This post and upcoming promise has been a long time coming. Two, three years, maybe more. Likely more. I will be the first to admit that I’m really, really bad at sharing my photos. It hasn’t always been this way! I used to snap & share with a vengeance, posting images of the most mundane moments before the night was over. Look through my facebook, flickr or myspace (oh yea, that used to be a thing), and you’ll find photos from casual coffee dates, simple playground shenanigans and 2AM Perkins stops. Riveting stuff, right?

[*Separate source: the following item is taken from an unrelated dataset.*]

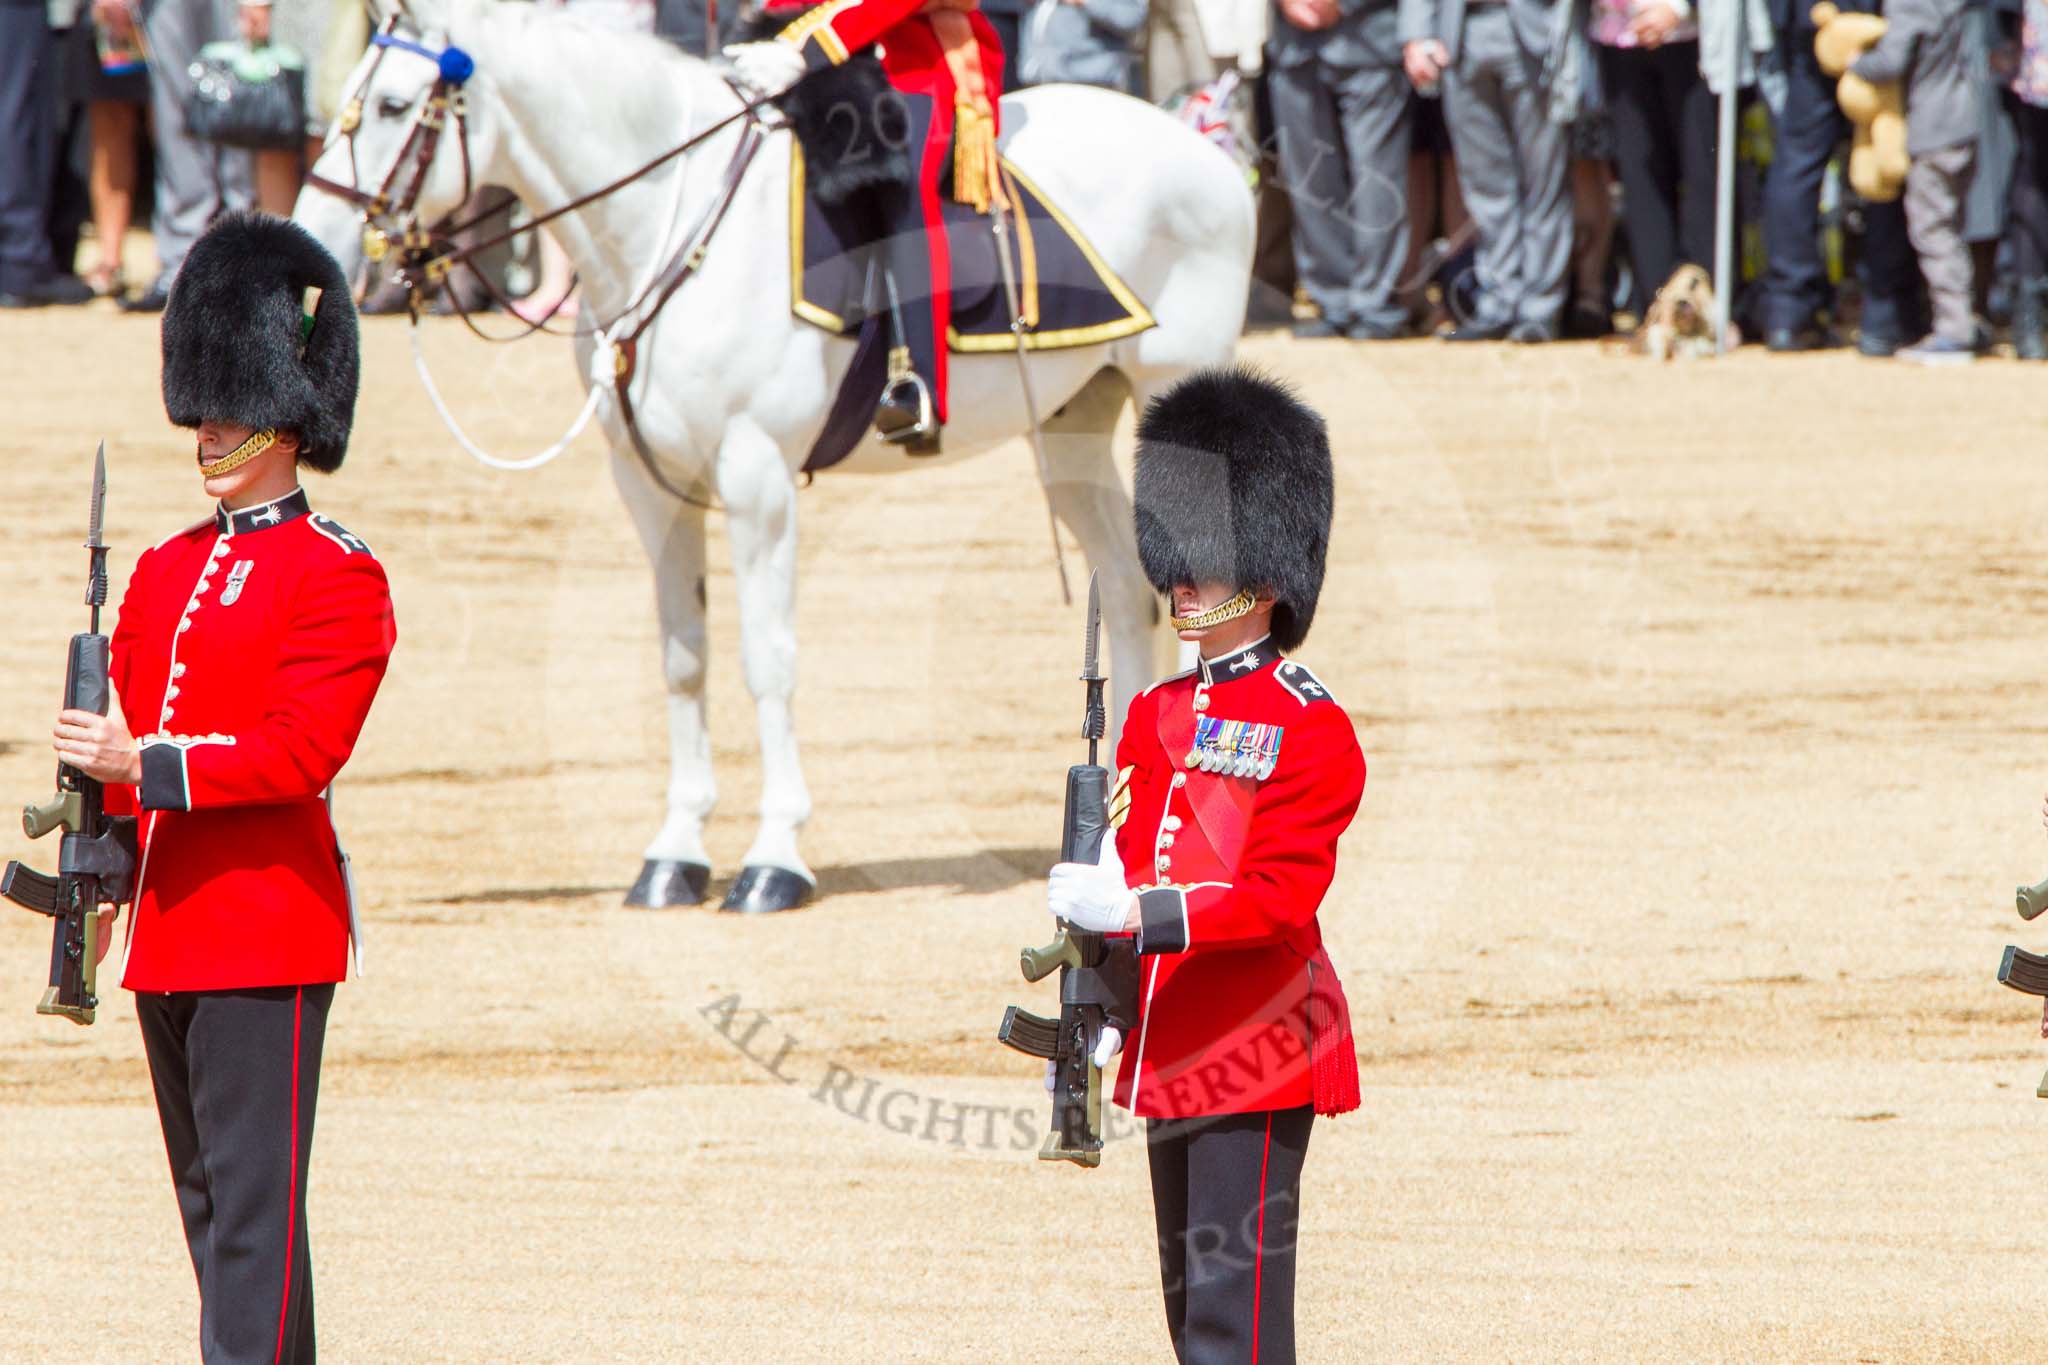 Trooping the Colour 2013: The Regimental Sergeant Major, WO1 Martin Topps, Welsh Guards, one of the two (unnamed) sentries, and the Colour Sergeant, R J Heath, Welsh Guards, presenting arms. Image #466, 15 June 2013 11:21 Horse Guards Parade, London, UK

I’m not sure when the photo-hoarding started – maybe in my very early 20s, or when I started shooting weddings and editing took over my ‘fun photos’ life – but over the years it’s certainly gotten worse. The addition of fancy iPhones, the VSCO app and instagram has just encouraged it. Instead of needing to edit the photos from my Canon to share, I just end up taking photos twice so that I can post something to social media without actually needing to edit ‘real’ pictures in a timely manner. [[That link is totally worth clicking, by the way]] #Photographerfail, all the way.

Sidenote: on the plus side, hashtags have really emerged as the best way to sort my life and communicate my thoughts, and now make their way into my texts on an hourly basis. #excessive

I feel guilty, but life really does catch up with you. It’s not that I don’t want to share my memories, I swear! I just…always want to make more memories and have more adventures, leaving very little time for sorting through pictures, editing and posting/writing.  I am constantly snapping because I love the idea of catching moments to share with the world. So whatever happened to that sharing part? Surely part of the fun involved in adventure-having/making is the sharing and remembering that happens afterwards?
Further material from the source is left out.